Epigenetics is one of those things that seems wild until you pull the camera back a bit. A cell is affected by and responds to its surroundings - this is not controversial. In eukaryotes, this is usually done by way of altering gene expression - up- or down-regulation by means of chemical markers on the cell’s DNA which are created or removed by enzymes which are activated or deactivated by certain substances in the cell or its environment - in other words, the cell’s environment affects gene regulation within the cell by traceable mechanisms*. All cells, save at least one, are descendent of other cells, and cells split by meiosis, in which the chemical environment within and without the cell is shared by the “descendent” cell - so of course this happens with human embryos as well. Of course the expression of your genes is affected by what happened to your parents (well, your mother, at least), because gene expression is affected by what happens to a cell and you are made up of a lineage of cells descended from your mother’s cells. If you ask how one organism could be affected by something it didn’t experience, sure, that could be a quandary, but looking at a line of cells and wondering how later ones could be affected by environmental pressures on earlier ones isn’t nearly as much of a mystery, and we’re all just extended cell lineages.

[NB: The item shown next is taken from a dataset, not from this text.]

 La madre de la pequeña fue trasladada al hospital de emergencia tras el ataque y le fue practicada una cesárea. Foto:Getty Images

(As if first time mothers didn’t have enough to worry about - stop stressing so much, it could lead to long-lasting irreversible changes to your fetus!)

* Standard biology disclaimers: this is not the only way this happens, this varies across species and time, nature has no master plan. “Some of the time some genes have some amount of their expression modified somewhat by some mechanisms that are somewhat responsive to some part of the cell’s environment sometimes.”

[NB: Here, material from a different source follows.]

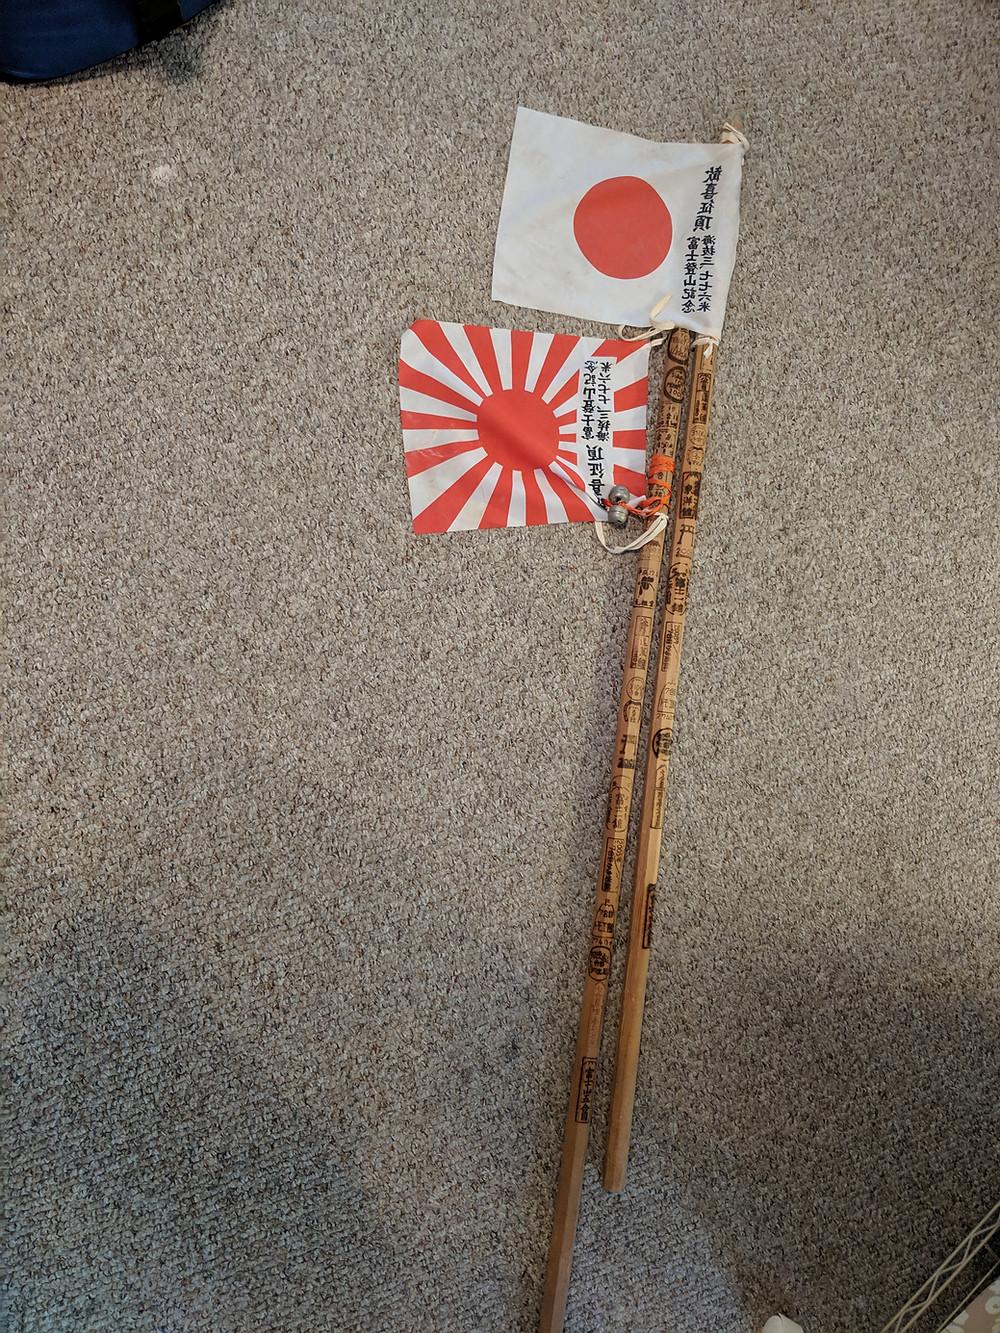 Mt. Fuji hiking sticks

>>> (As if first time mothers didn’t have enough to worry about - stop stressing so much, it could lead to long-lasting irreversible changes to your fetus!)

This is plainly not plausible. "Irreversible" doesn't play well with the length of time humans have been a thing.

  • Ask a parent what they hear when they hear “irreversible” in conjunction with their child. I promise nobody mistook that for “until the heat death of the universe,” but I can add a note if you really think it’s warranted.

    • You definitely make a good point.

      But even reversible changes aren’t always “reversed”. They aren’t necessarily minor.

      Sure, breaking an arm or skipping high school can be a “reversible” change. But not often not fully “reversed” and/or not done so in a negligible time frame. There are costs. Seems like biological development could be similar.

Great writeup!

And as someone less knowledgeable about biological sciences than others, I think learned even more from your disclaimers!

p.s. If you know any good sources for adults to catch up on some biology basics, let me know.

Does meiosis involve a reset mechanism of any kind?

  • no, no it does not strip protien complexes away from the DNA strand.

    it involves a localized progression along the DNA surrounded by histones, and regulatory enzymes, displaced from proximity, until the replication fork zooms on through, and it all snaps back together.

    the process is error prone, strands may cross over, chromosomes may fail to migrate properly.